The information generated from these optimizations is as below:

The ordering of the execution of the nodes (a unique integer value per layer)
The mode of execution for the layer (a bool/enum per layer for in-place/out-of-place execution)
Offset per tensor (int/long offset to determine the tensor location in memory pool per tensor)

Information from 1. and 2. can be stored in the existing ini format while saving the model, allowing the optimization to be done offline, and skipped when loading the optimized ini file. However, storing the information from 3. requires new support.

taos-ci commented 2 years ago

:octocat: cibot: Thank you for posting issue #1709. The person in charge will reply soon.

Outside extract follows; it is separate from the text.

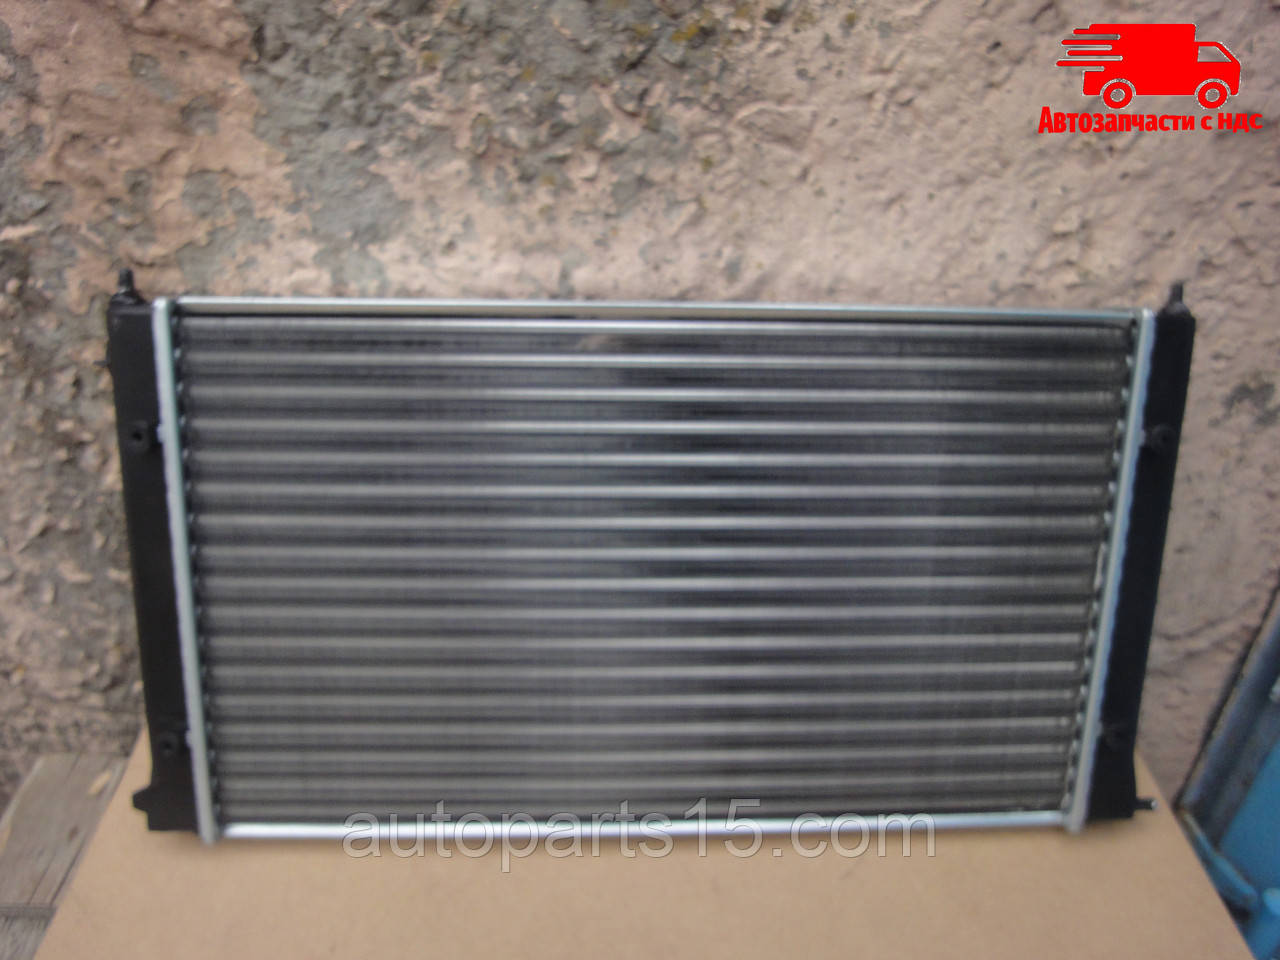 Радиатор охлаждения  VOLKSWAGEN   GOLF II/JETTA 84-91 (TEMPEST) . TP.15.65.1511 . Ціна з ПДВ.

kparichay commented 2 years ago

There are two possible options to store information 3. with the model:

Extend tflite model file format to store the offset information with the tensor. TfLite model file stores information about input and output tensors only, so this will have to be extended for temporary tensor requests (@zhoonit can comment about the feasibility here)
Ini format to include tensors information (this information will be optional as it wont be available for unoptimized ini models). The minimum amount of information this must contain will be tensor name to offset mapping. There can be mapping from layer to tensor added to each layer but will be optional (given an ini model, each tensor name can be deterministically determined and the mapping from layer to tensor will be just for error checking than creating the links between layers and tensors).

Note: the information regarding 3. can be stored in the BIN file but it is not a good option as BIN file description is to provide the model weights. Any information related to model configuration (this optimization is part of model configuration up to certain extend) is better suited to INI. Note: the information regarding 3. can also be stored in a new file format but we already have 2 file formats: INI for model architecture and configuration, and BIN for model weights. Adding a third file format is not recommended.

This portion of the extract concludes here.